Wednesday, February 10, 2010

Kandahar crumbling

Mullah Omar agrees to surrender

Islamabad, December 6, 2001.
Cornered Taliban today appeared to be losing their last stronghold with their supremo Mullah Mohammad Omar reportedly deciding to surrender the southern Afghan city of Kandahar to local Mujahideen even as ground and air attacks were under way in Tora Bora mountain range to flush out Osama bin Laden’s fighters.

“Mullah Mohammad Omar has decided that Kandahar should be handed over to former jehadi commander Mullah Naqibullah,” Pakistan-based Afghan Islamic Press news agency quoted an unnamed Taliban spokesman as saying.

“A decision has also been taken to form a commission which would be headed by Mullah Naqibullah who will also act as Governor of Kandahar.

“Mullah Omar has taken the decision in consultation with tribal leaders and his associates and the ulema. The decision will be implemented in one or two days,” the spokesman said.

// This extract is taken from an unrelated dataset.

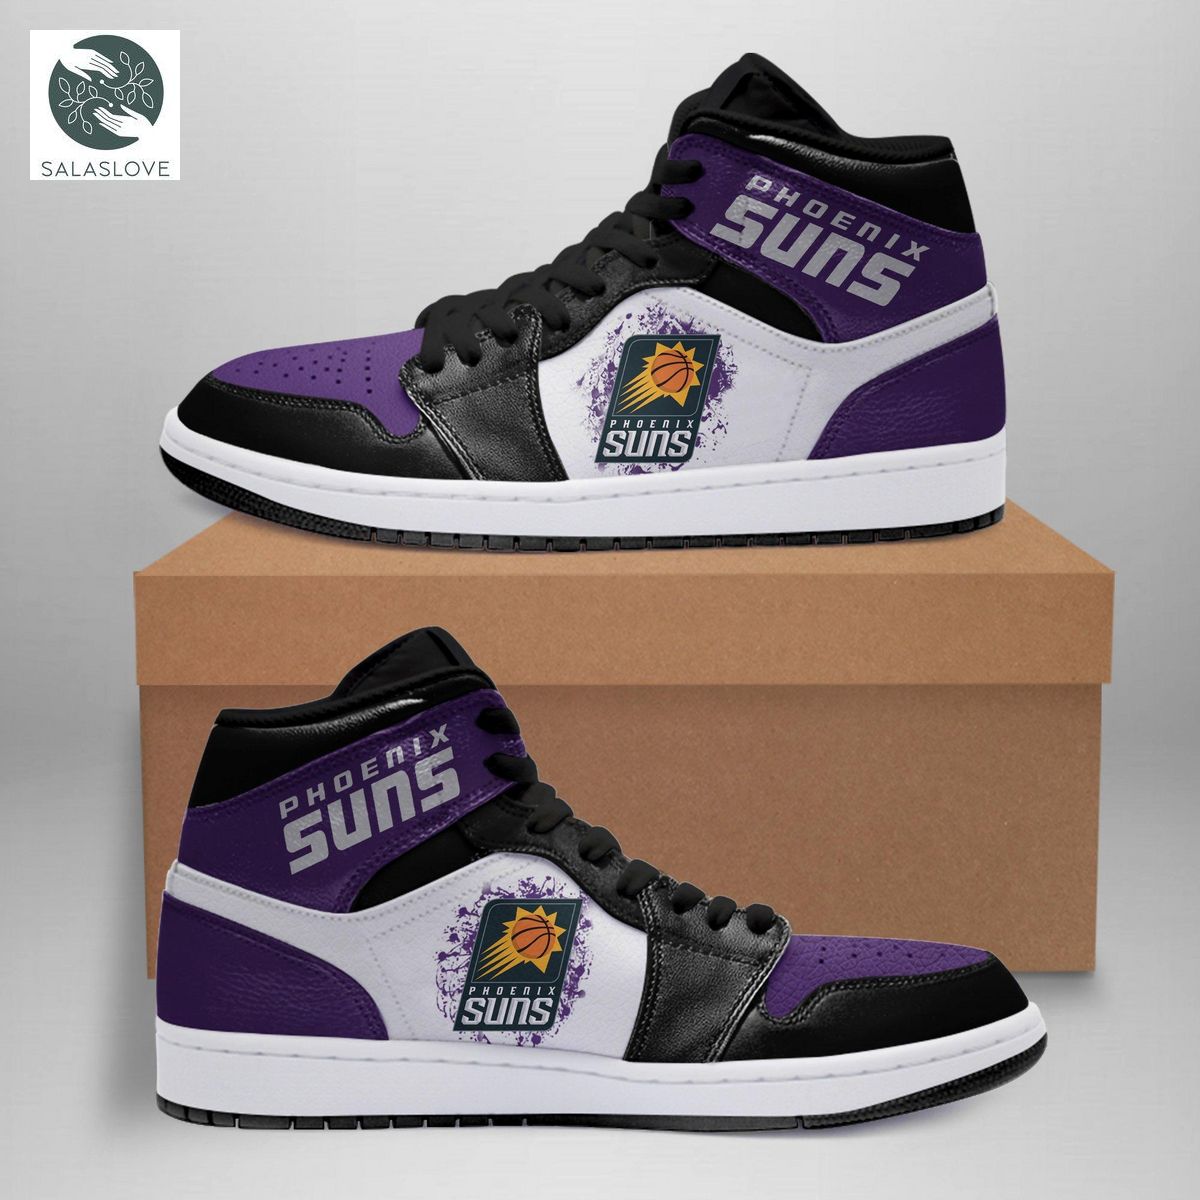 Phoenix Suns Nba Sneakers Air Jordan 11

A spokesman of US-led coalition in Afghanistan said Mullah Omar may be trying to surrender to the country’s new interim leader Hamid Karzai whose forces are massed near Kandahar.

“I can tell you authoritatively that some of Mullah Omar’s most senior commanders are negotiating their own surrender,” Kenton Keith told reporters here.

“You should also take seriously reports that Mullah Omar himself is negotiating to save his own skin,” Keith said. Until now the militia supremo had ordered his troops to fight to death against opposition forces backed by the USA.

There was no independent confirmation of the AIP report, which said that the handover would be completed in a few days.

The agency, which is close to Taliban, did not say clearly whether if Omar surrendered would he be allowed safe passage from the city.

The report was also silent on the fate of those Taliban and Al-Qaida fighters who surrender.

The report of Mullah Omar’s decision to surrender came close on the heels of Karzai saying he had held “very productive” talks with a Taliban delegation.

Karzai said he had offered amnesty to Taliban fighters except Mullah Omar. Karzai, who took charge on December 22 for six months, said: “Foreign terrorists must be tried and expelled”.

In Washington, US Defence Secretary Donald Rumsfeld said most leaders of Taliban and Al-Qaida militant group were alive and at large in Afghanistan despite the military campaign against them.

Ground and air strikes continued against fighters loyal to Bin Laden’s Al-Qaida network in the Tora Bora area of eastern Afghanistan.